Authors:	Paul J. Northrop [aut, cre, cph]
Maintainer:	Paul J. Northrop <[email protected]>
License:	GPL (>= 2)
Version:	1.1.0
Built:	2025-01-22 05:27:10 UTC
Source:	https://github.com/paulnorthrop/anscombiser

anscombiser: Create Datasets with Identical Summary Statistics

Description

Anscombe's quartet (Anscombe, 1973) are a set of four two-variable datasets that have several common summary statistics but which have very different joint distributions. This becomes apparent when the data are plotted, which illustrates the importance of using graphical displays in Statistics. This package enables the creation of datasets that have identical marginal sample means and sample variances, sample correlation, least squares regression coefficients and coefficient of determination. The user supplies an initial dataset, which is shifted, scaled and rotated in order to achieve target summary statistics. The general shape of the initial dataset is retained. The target statistics can be supplied directly or calculated based on a user-supplied dataset.

Details

The main functions in anscombiser are

anscombise, which modifies a user-supplied dataset so that it shares sample summary statistics with Anscombe's quartet.
mimic, which modified a user-supplied dataset so that is shares sample summary statistics with another user-supplied dataset.
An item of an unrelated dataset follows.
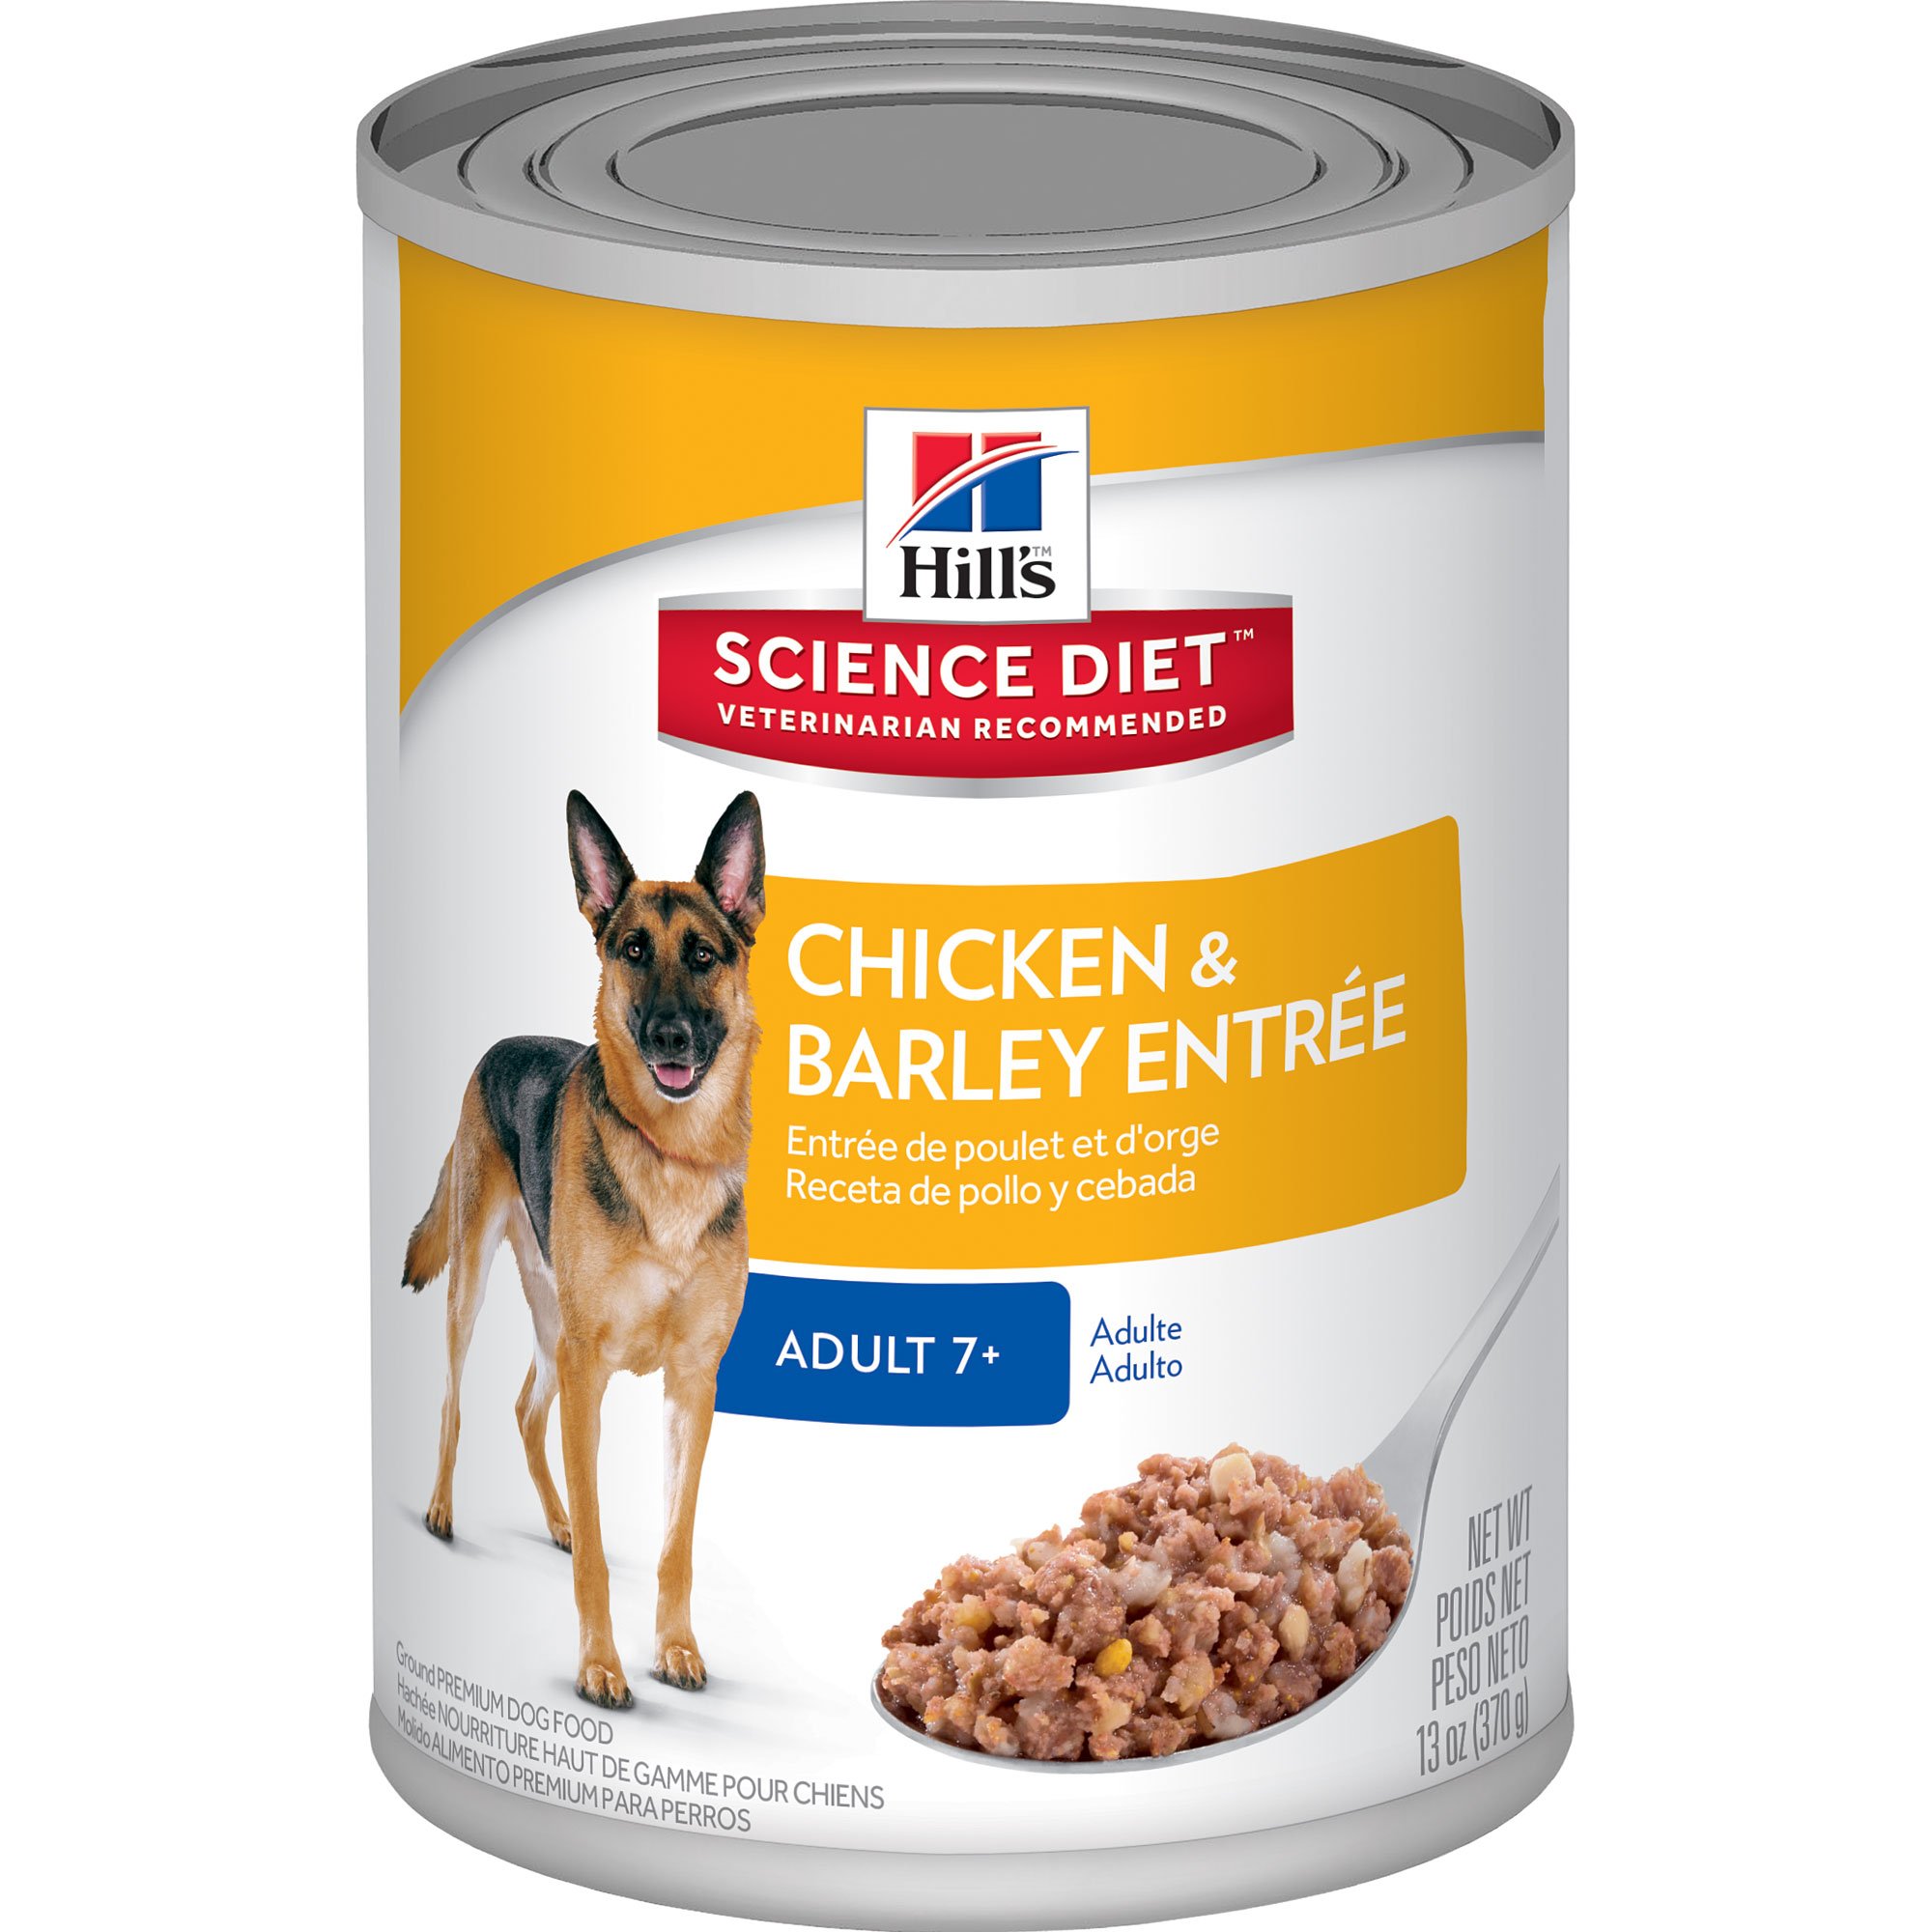 The Truth Behind Commercial Dog Food 2

See vignette("intro-to-anscombiser", package = "anscombiser") for an overview of the package.

Author(s)

Maintainer: Paul J. Northrop [email protected] [copyright holder]

References

Anscombe, F. J. (1973). Graphs in Statistical Analysis. The American Statistician 27 (1): 17–21. doi:10.1080/00031305.1973.10478966

Anscombe's Quartet Separated

Description

Provides Anscombe's Quartet as separate data frames.

Usage

anscombe1

anscombe2

anscombe3

anscombe4
anscombe1

anscombe2

anscombe3

anscombe4

Format

All datasets are objects of class data.frame with 11 rows and 2 columns.

Source

Anscombe's Quartet of 'Identical' Simple Linear Regressions: datasets::anscombe in the datasets package. The ith dataset is datasets::anscombe[, c(i, i + 4)].

References

Anscombe, Francis J. (1973). Graphs in statistical analysis. The American Statistician, 27, 17-21. doi:10.2307/2682899

Create new versions of Anscombe's quartet

Description

Modifies a dataset x so that it shares sample summary statistics with Anscombe's quartet.

Usage

anscombise(x, which = 1, idempotent = TRUE)
anscombise(x, which = 1, idempotent = TRUE)

Arguments

`x`	A numeric matrix or data frame. Each column contains observations on a different variable. Missing observations are not allowed.
`which`	An integer in {1, 2, 3, 4}. Which of Anscombe's datasets to use as the target dataset. Obviously, this makes very little difference.
`idempotent`	A logical scalar. If `idempotent = TRUE` then applying `anscombise` to one of the datasets in Anscombe's Quartet will return the dataset unchanged, apart from a change of `class`. If `idempotent = FALSE` then the returned dataset will be a rotated version of the original dataset, with the same summary statistics. See Details.

Details

The input dataset x is modified by shifting, scaling and rotating it so that its sample mean and covariance matrix match those of the Anscombe quartet.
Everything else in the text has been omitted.